No, it is the person Gwyneth Paltrow that I take such offense to, and my hatred is threefold. One: her blog GOOP where she talks about cashmere dog beds and impromptu trips to Morocco as though that’s what everyone does on a Tuesday. Two: her incessant use of British slang – Gwyneth, you married a British person, you did not have a heritage transplant. Saying things like “bollocks” and “bloody hell” makes you sound like a pretentious moron. Three: her hypocritical environmentalism. Yep, Smallest Users, you heard it here first: Gwyneth Paltrow “loves” saving energy according to her (nauseating) blog, but not according to her actual life.

As reported by The Times (a British newspaper, so she’s probably deeply troubled that her “own people” are after her), her $2.5 million home in England wastes 1,020 kilowatt hours per year. Just to put that in perspective, a 60-watt bulb used for one hour consumes 0.06 kilowatt hours of electricity. Therefore, a person would have to leave 32 lamps burning 24-hours-a-day for an entire year to waste that amount of energy. And that, dear Gwyneth, makes you a bit of a “wanker.”

Now I know, Smallest Users, the you have no desire to tread the Paltrow path, so I’ve found one easy way you can steer clear of her fate. You know that flat screen in your den that you watched Great Expectations on? C’mon guys, you know that movie – it’s the one your girlfriend made you watch that sounded all literary but ended up being totally awesome because Gwyneth spent half of it being drawn naked? (And why are women in movies always so willing to be drawn naked? That picture from Titanic looked like my nephew could have done it. Hint: Every guy is “an artist” if you’re willing to take your top off.) Anyway, even after Ms. Havisham died and you turned off the TV, it continued to use 85% of the amount of energy it did while it was on.

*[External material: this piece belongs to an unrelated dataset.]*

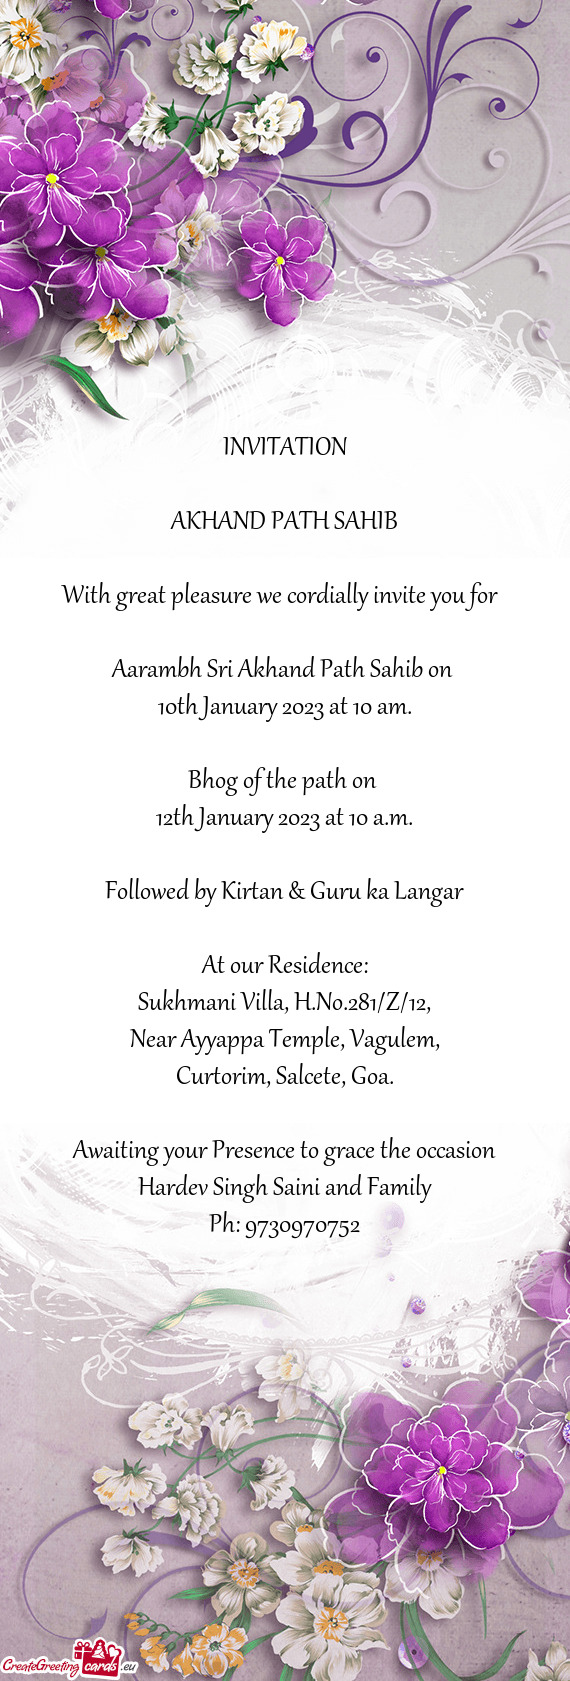 Aarambh Sri Akhand Path Sahib on

That’s a whole lot of power to expend for an empty black screen. So here’s the easy way to fix it: the Smart Strip. It works just like any power strip but it senses when devices are off and automatically stops the flow of power. You don’t even have to flip a switch. Still need more of an incentive? It costs about $25 but can save you up to $30 a month on your bill. Go ahead and do the math on the one-year savings for yourself; Mama’s tired from coming up with all the Gwyneth references.

Basically, the strip is cheap and easy, and since  Platinum closed down, it’s the only cheap and easy strip you’re gonna find around these parts. Yep, just went there. Furthermore, Oprah endorses it, and I’m pretty sure it’s a law in the U.S. that she tells us what is and is not good for us. Don’t like that, America? Well then go back to England. And take Gwyneth with you.

2 Comments leave one →
  1. Laws permalink
    June 18, 2010 5:25 pm

    Akin, you are my hero.

  2. dewitt permalink
    June 21, 2010 8:07 am

    Awesome… environmentally conscious while bashing a hollywood type.